Por que trabalhadores em outros países deveriam se aliar àqueles nos EUA, em nome de quem eles são bombardeados e ocupados? Na medida em que estadunidenses compram o nacionalismo que inevitavelmente segue as maquinações estrangeiras de seu governo, tornam a emergência de um movimento de classe contra a opressão e a exploração impossíveis.
Enquanto isso, a posição dos trabalhadores estadunidenses apenas se deteriora mais. Quando centenas de bilhões de dólares são gastos atacando países ao redor do globo, não estão disponíveis para programas de Bem-Estar Social que poderiam ajudar aqueles em casa. O desperdício de sangue e recursos, o racismo, e os levantes reacionários que acompanham as guerras no estrangeiro ricocheteiam para detrimento dos trabalhadores nos EUA. Em um tempo em que milhões de estadunidenses estão sofrendo com o desemprego e a pobreza, os mais de $2 trilhões gastos na invasão e ocupação do Iraque parecem cada vez mais obscenos.

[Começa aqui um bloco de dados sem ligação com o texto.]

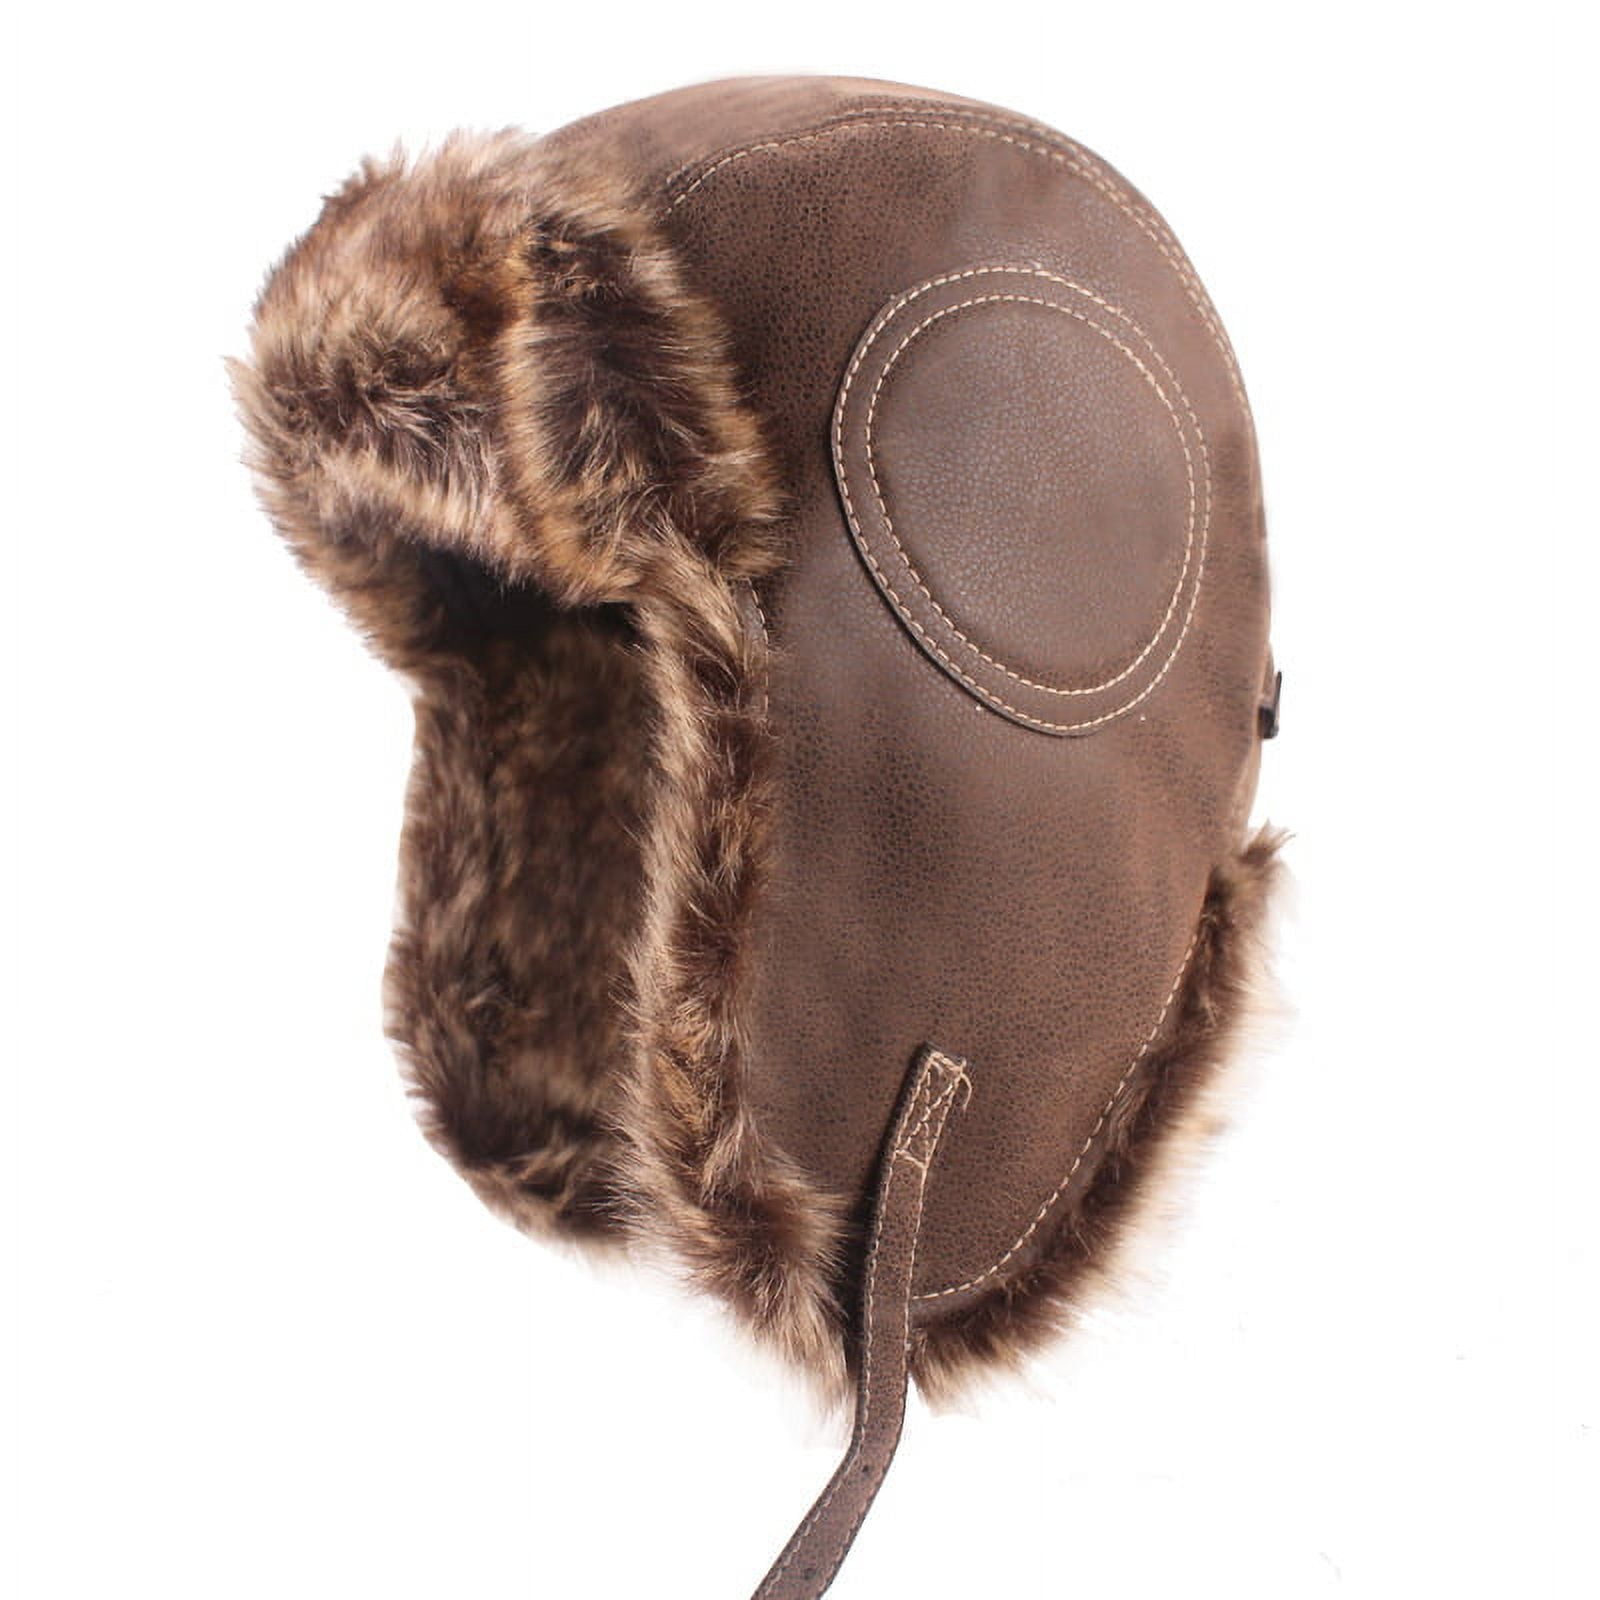  XIXIDIAN Men's Winter Hat Bomber Hat Men Leather Earflap Pilot  Hats Faux Fur Caps Warm Winter Hats Hunting Hat (Color : Black, Size :  55-60cm) : Clothing, Shoes & Jewelry

Tudo isso significa que o movimento trabalhista estadunidense tem um incentivo material para se opor os desejos de guerra de seu próprio governo. É por esta razão que os Socialistas pensam que um movimento internacional da classe trabalhadora contra a guerra e o imperialismo não é apenas necessário, mas também possível.
O Inimigo em Casa
Entretanto, se Socialistas em um país como os EUA se opõem às guerras travadas por seus governos, não significa que eles são pacifistas. – ou seja, que eles se opõem a todas as guerras ou tem uma posição baseada em princípios contra qualquer tipo de violência. A questão é quem está travando a guerra e em nome de quais interesses e políticas.
Como o teórico militar do século XIX Carl von Clausewitz disse, “Guerra é a continuação da política por outros meios.” Clausewitz queria dizer que para entender o caráter de uma dada guerra, você tem de entender quem estava lutando e por quais propósitos. É claro, Clausewitz, um general prussiano nas guerras napoleônicas, não era bem um radical de Esquerda, mas seu ponto básico é um importante para os Socialistas compreenderem.
O movimento socialista quer erradicar a guerra por que ela é brutal e irracional – um desperdício de vida humana e recursos sociais que produz uma devastação enorme. Mas em um mundo cheio de exploração e opressão, é preciso diferenciar entre a violência daqueles lutando para manter a injustiça e aqueles lutando contra a injustiça.
Uma pessoa não pode, por exemplo, misturar a violência do apartheid sul-africano com aquela dos elementos armados do Congresso Nacional Africano de Nelson Mandela. O mesmo vale para a violência dos militares estadunidenses na Guerra do Vietnã – uma guerra que eventualmente matou 3.5 milhões de pessoas – e aquela da Frente de Libertação Nacional Vietnamita, que lutou para libertar o Vietnã da dominação estadunidense e francesa.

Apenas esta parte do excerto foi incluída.